Nina, Shanti and Belle run a 1000 m race at a constant speed. When Nina crossed the finish line first, she was 200 m ahead of Shanti and 400 m ahead of Belle. When Shanthi crossed the finish line, how far ahead of Belle was she?
How did you get 5/4 oobleck?
Shanti had run 4/5 of the race when Nina finished.
So, if Nina's time was x, it took Shanti 5/4 x to finish the race
So, Bell had run 5/4 * 600 = 750 meters when Shanti finished.
That means Shanti was 250m ahead of Belle.
To Chews it 5/4 is used for Shanti because she spent x time for 800m so time for 1000m is 1000/800 x= 5/4 x
Why do you times by 600 Oobleck?
250
To Chews it. what is 1000-400
To determine how far ahead of Belle Shanti was when she crossed the finish line, we need to calculate the distance between Nina and Shanti when Shanti crossed the finish line.
Let's assume that Shanti took x seconds to complete the race. Since all three runners maintain a constant speed, we can use their relative speeds to find the distance between them at any point in time.
From the given information, we know that when Nina finished the race, she was 200 m ahead of Shanti and 400 m ahead of Belle. Therefore, when Shanti finished the race, she would be 200 m behind Nina and 400 m ahead of Belle.

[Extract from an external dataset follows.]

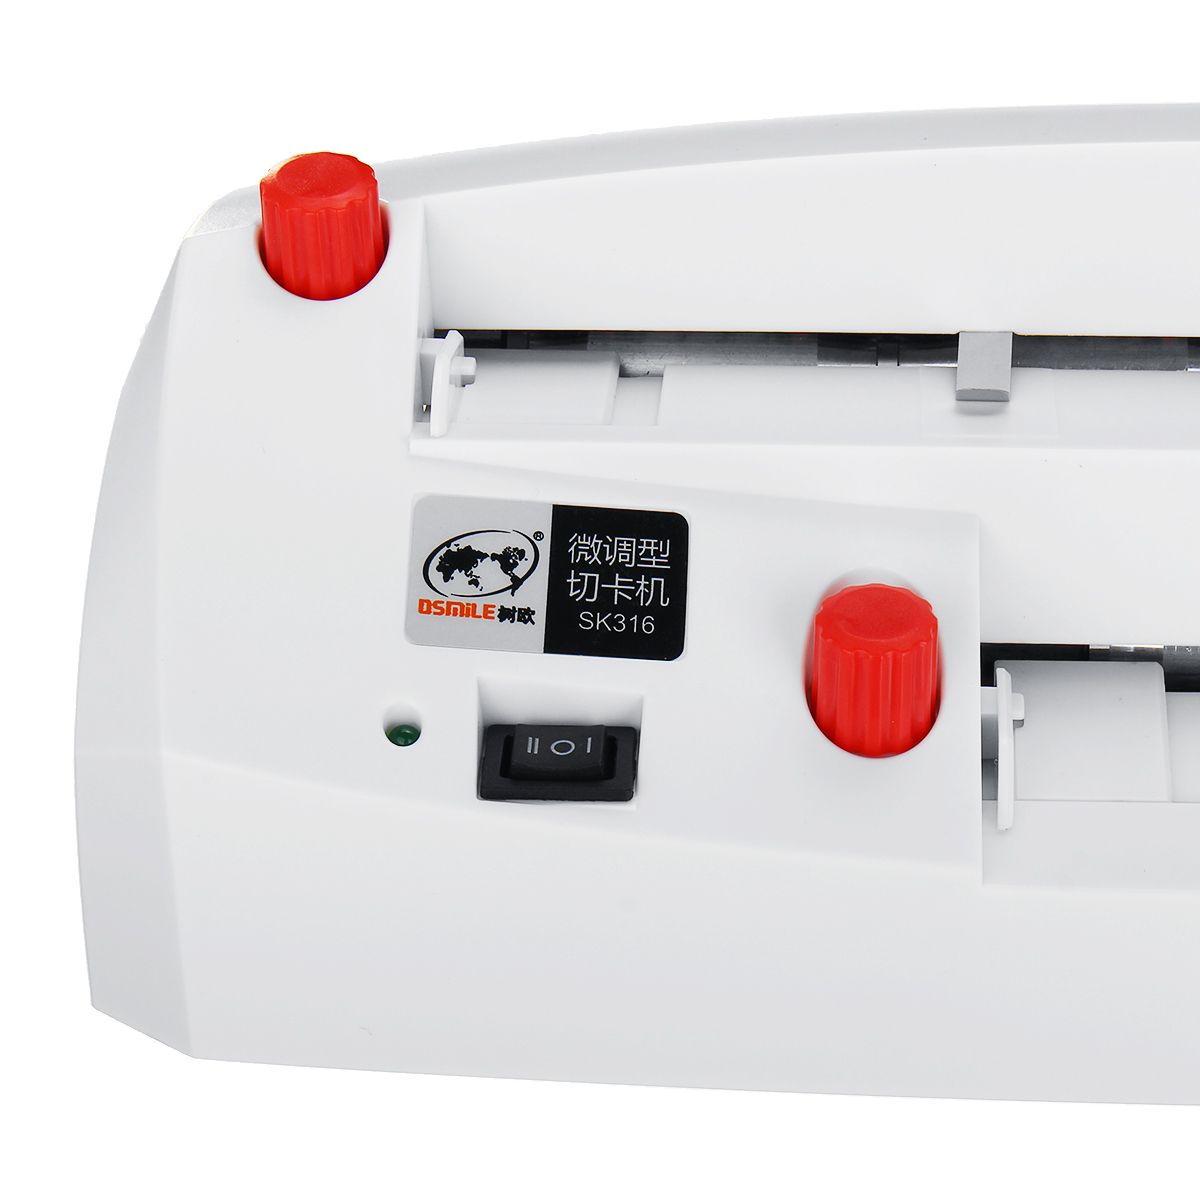 Automatic-Business-Electric-Card-Cutter-Name-Card-Slitter-Cutter-A4-Size-For-Home-Office-1522122

We can set up two equations based on these distances:
Distance traveled by Nina = Distance traveled by Shanti + 200 m ----- (Equation 1)
Distance traveled by Nina = Distance traveled by Belle + 400 m ----- (Equation 2)
Since the three runners maintain a constant speed, we can use the formula distance = speed × time to express the distances as functions of time.
Let's assume the speeds of Nina, Shanti, and Belle are n, s, and b m/s (meters per second), respectively.
Equation 1 can be rewritten as n * x = s * x + 200 m
Equation 2 can be rewritten as n * x = b * x + 400 m
We want to find the value of (b * x) - (s * x), which represents how far ahead of Belle Shanti was when she crossed the finish line. To do this, we need to isolate (b * x) and (s * x) separately.
Rearranging Equation 1, we get n * x - s * x = 200 m
Simplifying, we find (n - s) * x = 200 m
Rearranging Equation 2, we get n * x - b * x = 400 m
Simplifying, we find (n - b) * x = 400 m
We now have a system of equations:
(n - s) * x = 200 m
(n - b) * x = 400 m
To eliminate the variable x, we can divide Equation 2 by Equation 1:
[(n - b) * x] / [(n - s) * x] = 400 m / 200 m
(n - b) / (n - s) = 2
Cross-multiplying, we get 2(n - s) = (n - b)
2n - 2s = n - b
b = n + 2s
Now we have found the relationship between the speeds of Shanti and Belle. We know that Belle finished the race after Nina and Shanti, so her time will be x + y seconds, where y is the time taken by Shanti to complete the race.
Now we can calculate how far ahead of Belle Shanti was when she crossed the finish line. We substitute b = n + 2s into Equation 2 and solve for (b * x) - (s * x):
n * x = b * x + 400 m
n * x = (n + 2s) * x + 400 m
0 = 2s * x + 400 m
400 m = 2s * x
200 m = s * x
Therefore, when Shanti crossed the finish line, she was 200 meters ahead of Belle.